For while issues of discrimination in the workplace are well documented, many job applicants don’t realise that unfair prejudice can happen further upstream at the recruitment stage.

And while it would be nice to think that most employers understand obvious no-go areas when asking questions of potential staff (‘so, having any more babies?’ is a bit of a giveaway) – there may be still issues of bias when it comes to shortlisting or selecting potential candidates.

The Equality Act 2010 makes discrimination on the grounds of certain protected characteristics – such as sex, race, age, disability, gender reassignment, pregnancy or religious belief – unlawful. And these rights protect not only existing employees but also potential ones too.

So how do you know if you`re a victim of recruitment discrimination?

Well, there are some questions you shouldn`t be asked during an interview, such as those relating to future family plans age, health and previous sickness absence.

If you do get asked anything like this, you can refuse to answer them. If you don’t want to give a ‘no comment’ response you could ask how the question relates to the role you’re applying for, or the reason why the question is being asked.

If you think you didn’t get the job because you fall into a ‘protected characteristic group’ , or as a result of an answer you gave relating to one of those characteristics, then you may have grounds to make an employment tribunal claim.

However, it’s also important that employers know how to protect themselves from claims of discrimination too.

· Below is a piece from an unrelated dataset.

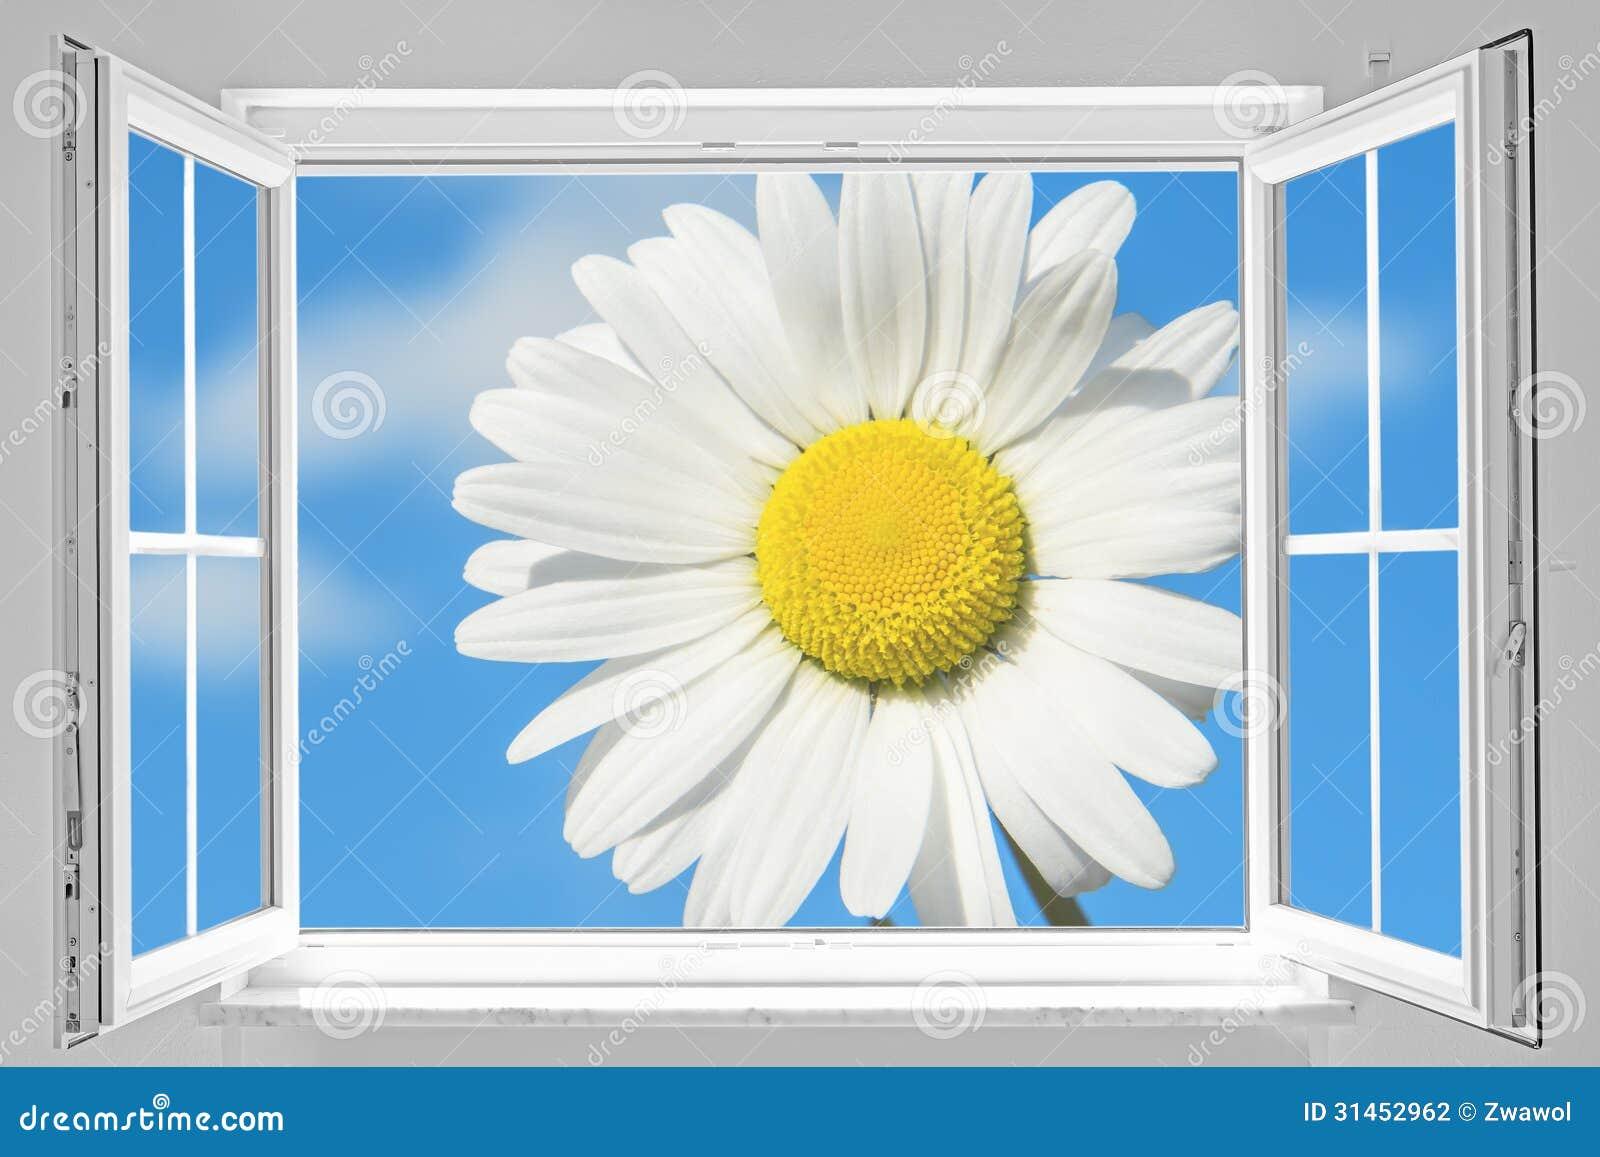 Offenes fenster himmel  Offenes Fenster Mit Gänseblümchen Stockfotografie - Bild: 31452962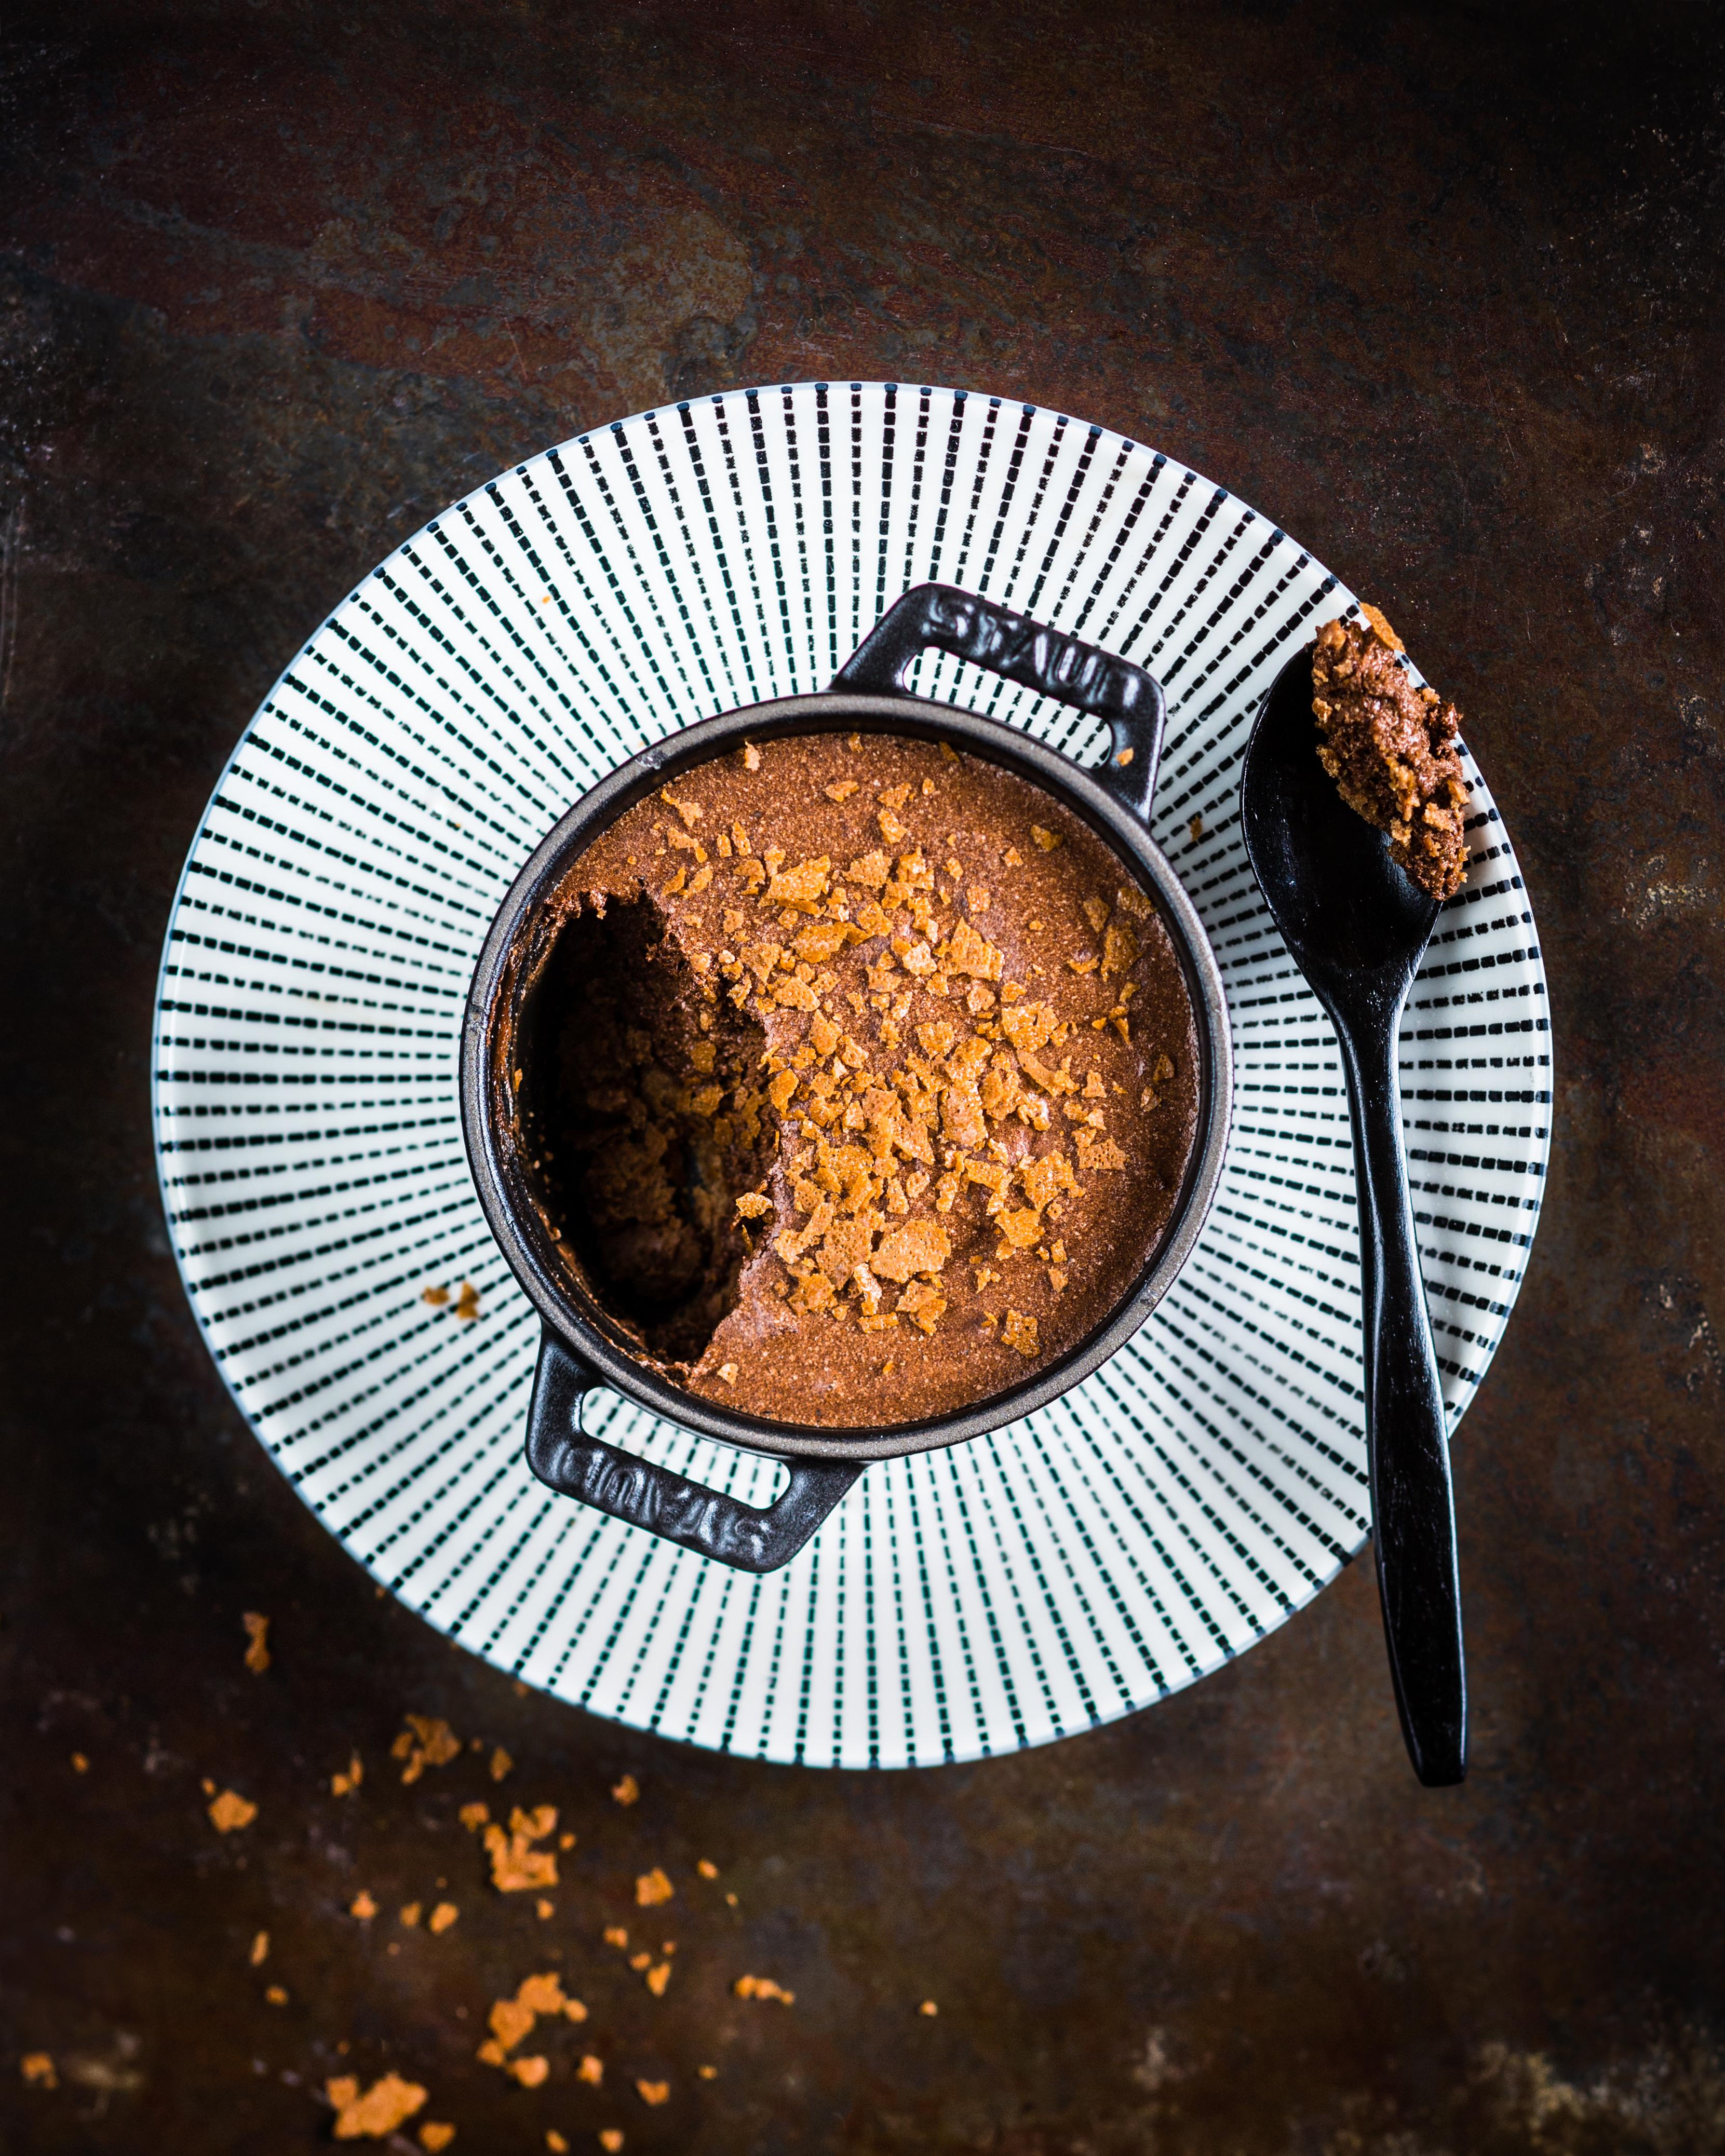 Juliette Lalbaltry - «Tout chocolat» - Bottin Gourmand Magazine - Crédits photo: Delphine Amar Constantini

So before a position is even advertised, make sure there is a clear recorded definition of the role as well as the criteria which the successful applicant must meet. If it requires specific hours or days or, say, a certain amount of physical strength then keep a recorded note of that.

And keep notes too, of those job applicants you reject so you have an accurate record of why they were unsuitable for the position.

During the interview itself, even where there is justification for a question to be asked, make sure it relates to the role and not the individual (ie why you can only employ people of a certain age or require specific hours).

Job interviews can be something of a lottery. With only one vacancy and several interviewees there has to be a way for employers to make a decision about the best person for the job. Equally rejected applicants have to understand that sometimes even the most capable candidates will be unsuccessful simply because of force of numbers.

However both employers and employees should realise recruitment discrimination is as unacceptable as prejudice in the workplace.

Hopefully being aware of the red flags should ensure the best man or woman gets the job.